Он позвонил, спросил коридорного, когда ушла Поля. Оказалось, ушла еще в восемь часов, а теперь шел уже первый. Коридорный этот был толстоносый малый с узкими глазками и прыщавым лицом. Вид у него был явно недовольный. Он сказал:

- Удивительно, барин, как будто у нас нет девиц приличных. Было бы просто зайти и сказать мне, я бы вам достал замечательную из модной мастерской, а то...

- Ступай вон! - перебил изумленный Матийцев.

Долго не мог он понять только одного: на что надеялась она, когда крала деньги? Но потом ясно стало: она убедилась почему-то в том, что он, Матийцев, денег этих искать не будет, что ему все равно: что отдать их кому-то, что проиграть, что хотя бы это, последнее, - если бы даже их украли... И наконец, разве он не сказал ей, что сегодня вечером умрет? В это поверилось; только было за нее, за Полю, как-то неловко: зачем она это сделала? За себя неловко не было, только за нее. Оценила свою ночь несравненно дороже, чем думал он. Может быть, так и нужно. К тому же у нее двое малюток, которых она кормит. Злости против нее почему-то не было: только недоумение, оторопелость, похожая на злость, и неясный стыд за себя. А что было странно, так это то, что денег безотчетовских совсем не было жалко.

И когда он открыл окно с какою-то уже нелепою мыслью увидеть ее (вдруг она идет по улице напротив?), он увидел несколько сизых голубей на мокром балконе, дремлющего на козлах извозчика внизу, татарина с мешком, трех гимназистов-брюнетов, мальчишку из лавочки с соленым осетром на голове и толстую грудастую няньку с двумя девочками в белых капорах. Отвалив назад голову и выпятив мягкий живот, нянька показала вперед куцым пальцем и пробасила с рязанской оттяжкой:

- Де-этки, де-этки, п-сма-атрите, ка-кой ко-озлик!

Посмотрел вперед и Матийцев и увидел прислугу в пестрой шали, волочившую на цепочке лохматого белого тихого толстого пуделька... А другого козлика никакого нигде не было видно.

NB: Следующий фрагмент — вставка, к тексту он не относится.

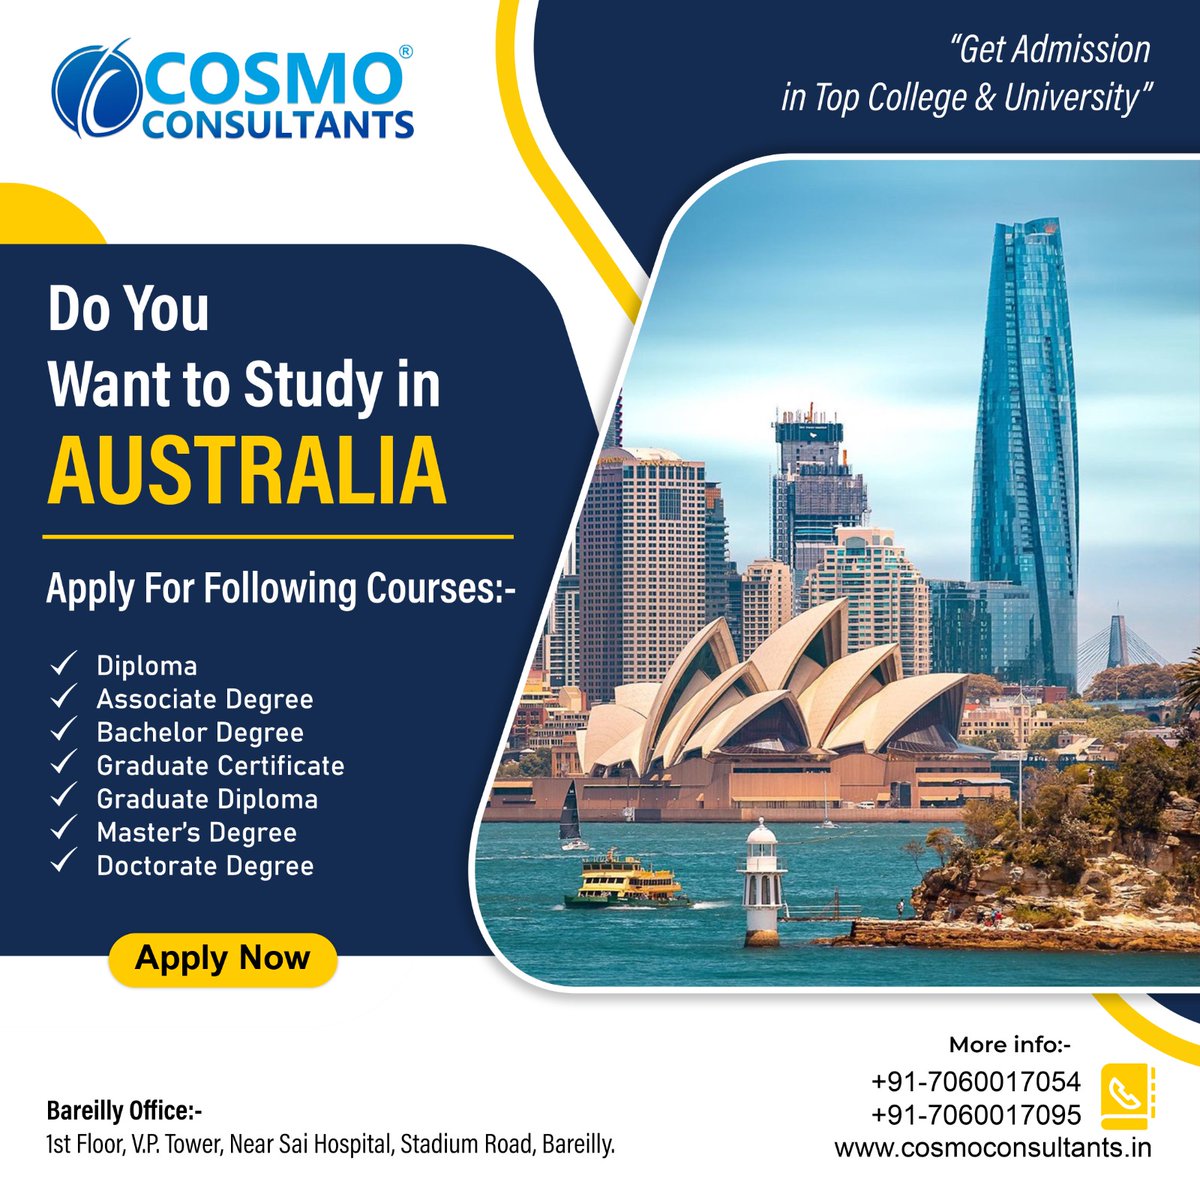 🌟 Dreaming of studying in Australia? 🇦🇺 Explore a wide range of academic opportunities from #Diploma to #Doctorate #Degree! 🎓✈️ Apply for the upcoming intake with #CosmoConsultants and unlock your path to success. More information: +91-7060017054, +91-7060017095. #Australia

На улице, когда он шел к вокзалу и увидел бравого околоточного на посту, он подумал было: "Не заявить ли? Если рассказать, кто она, ее найдут..." И он подошел, но, поглядев в его твердое жирное лицо в подусниках, решил, что не стоит: "Денег все равно не найдут, может быть и ее не найдут: уехала уж куда-нибудь вместе с малютками, которых кормит... во всяком случае это очень длинно... Да и бог с ней!.." Но так как столкнулся уже с околоточным лицом к лицу, нужно было что-то сказать ему; вспомнил вчерашних двух и спросил учтиво:

- Скажите, как можно пройти на скачки?

Околоточный оглядел его всего с одного маху и ответил:

- Сегодня нет скачек.

- Гм... вот как... А вы любите ездить на скачки?

Околоточный поправил шнур на груди и спросил густо:

- А вам это, собственно, зачем?

- Уж и поговорить нельзя, - насмешливо обиделся Матийцев.

И, чтобы показать этому с твердым лицом, что он не без дела подошел к нему, он сказал:

- Видите ли... меня обокрали сегодня ночью... Украли порядочно денег - пятьсот рублей...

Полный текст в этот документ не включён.